_COLLECTED DATA_.
---------------

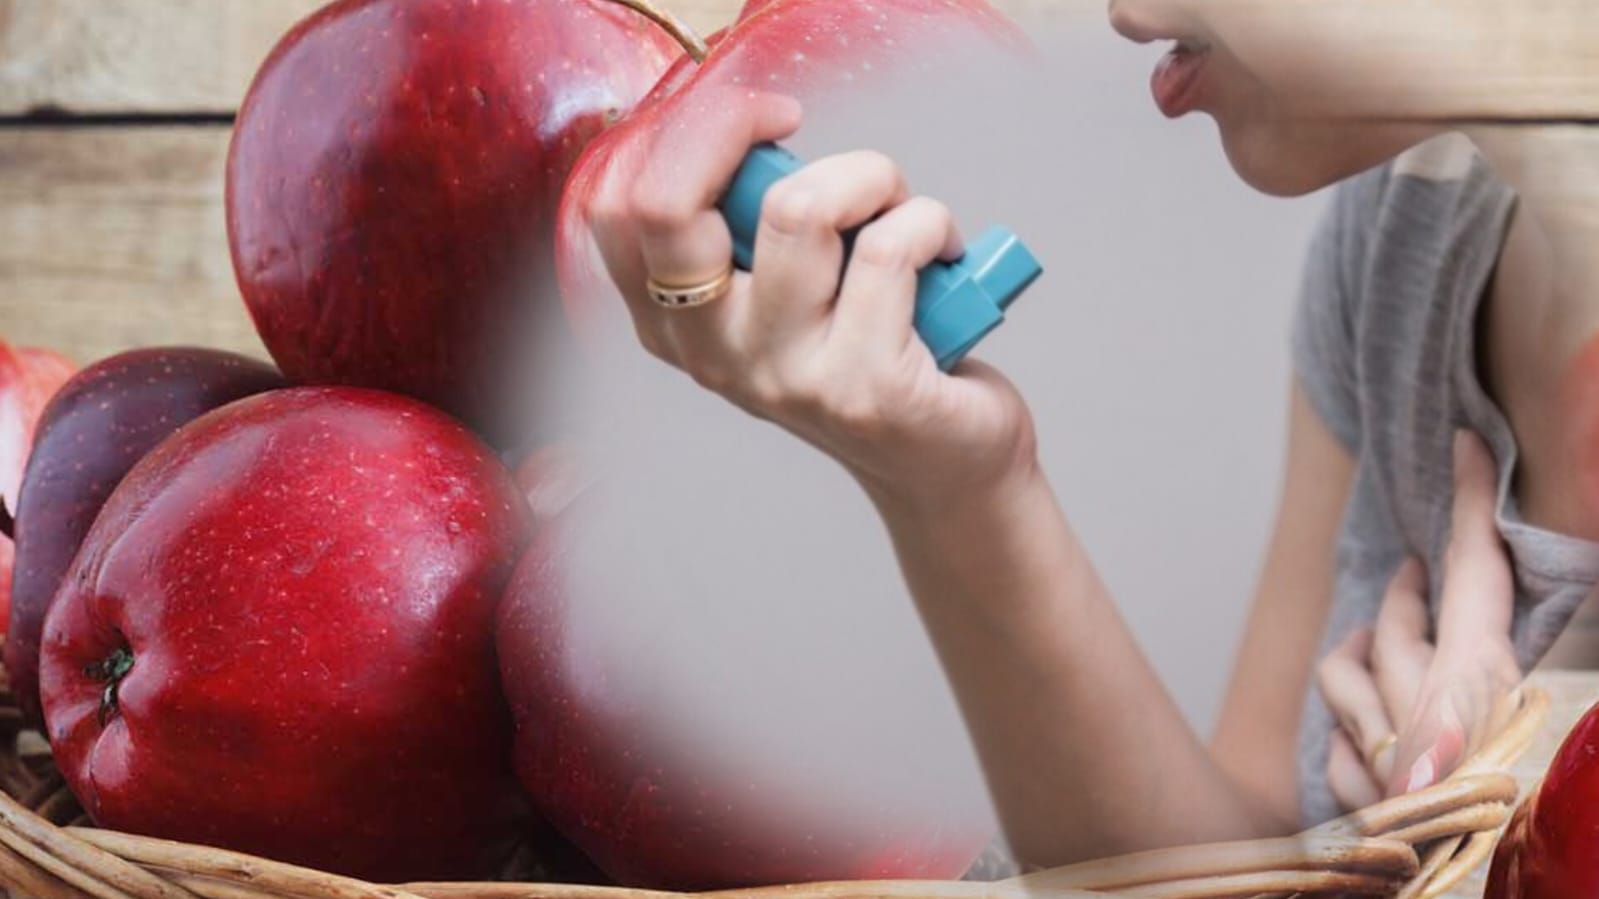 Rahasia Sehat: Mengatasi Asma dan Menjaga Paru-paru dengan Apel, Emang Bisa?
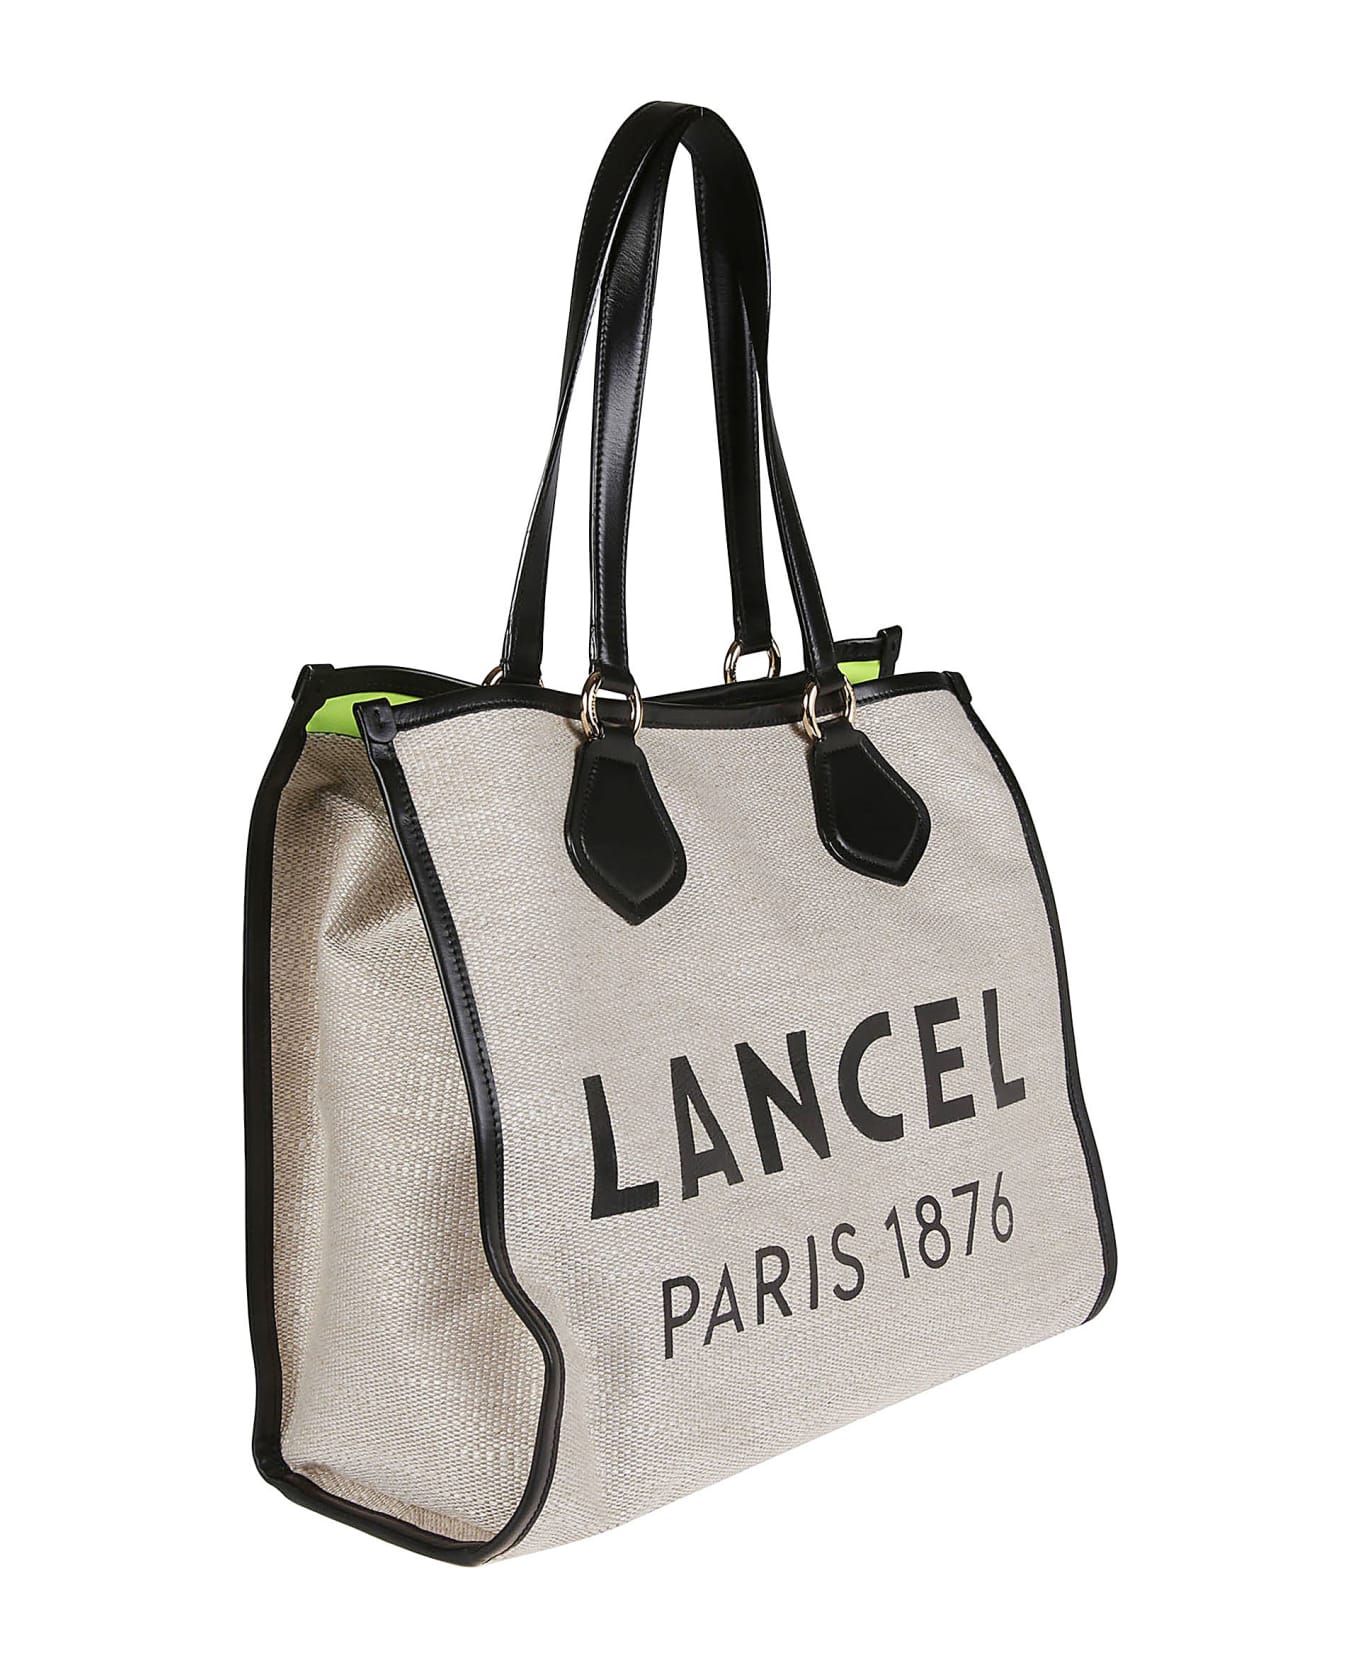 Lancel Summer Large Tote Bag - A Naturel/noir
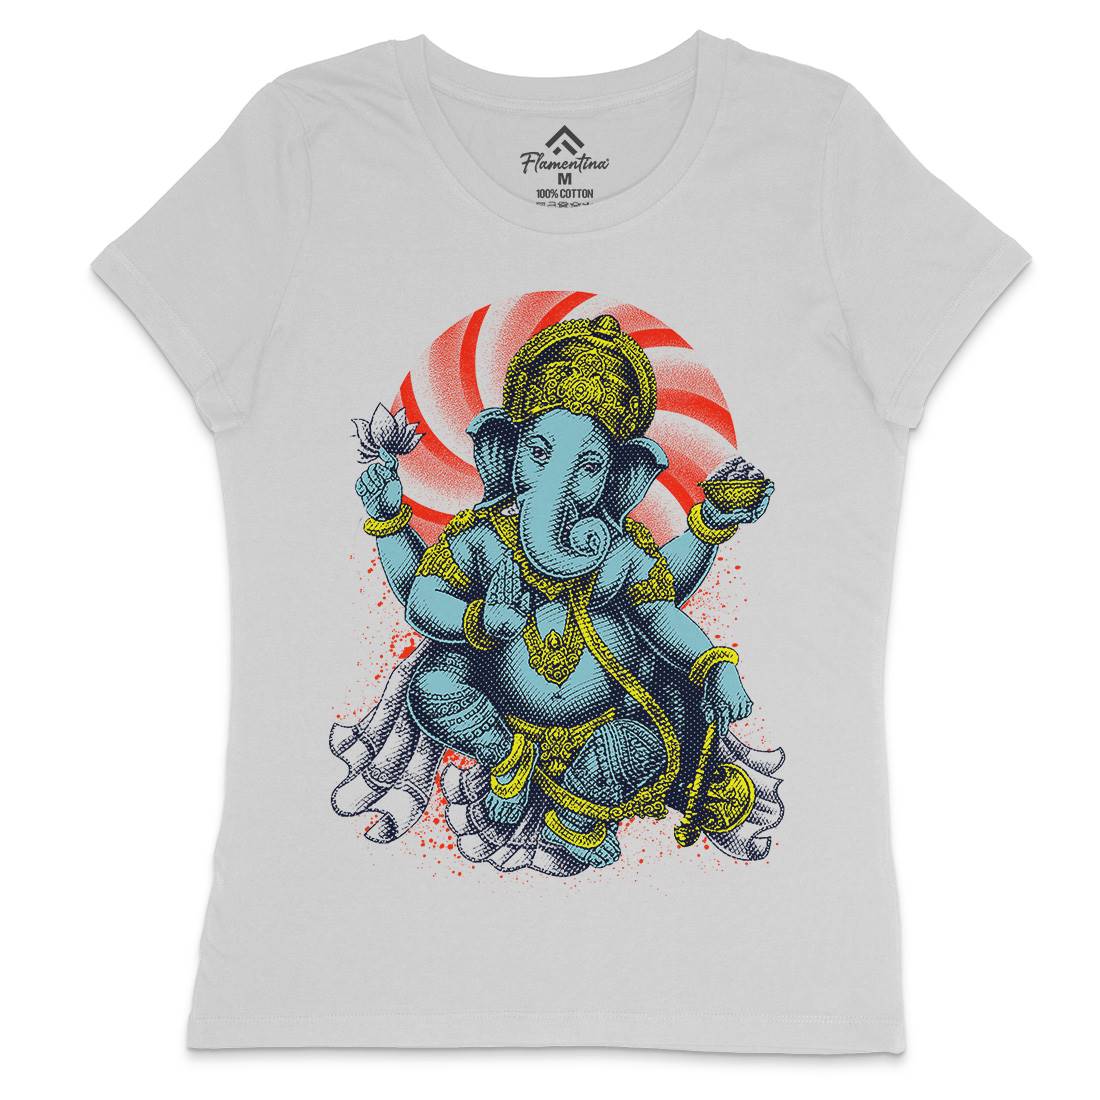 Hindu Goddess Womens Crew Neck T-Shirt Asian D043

---------------

_WHAT THE EXERCISE ASKS_.
Without including a single picture, restate all of the data word for word.

_RESPONSE FOR THIS EXERCISE_.
 Rahasia Sehat: Mengatasi Asma dan Menjaga Paru-paru dengan Apel, Emang Bisa?
 Lancel Summer Large Tote Bag - A Naturel/noir
 Hindu Goddess Womens Crew Neck T-Shirt Asian D043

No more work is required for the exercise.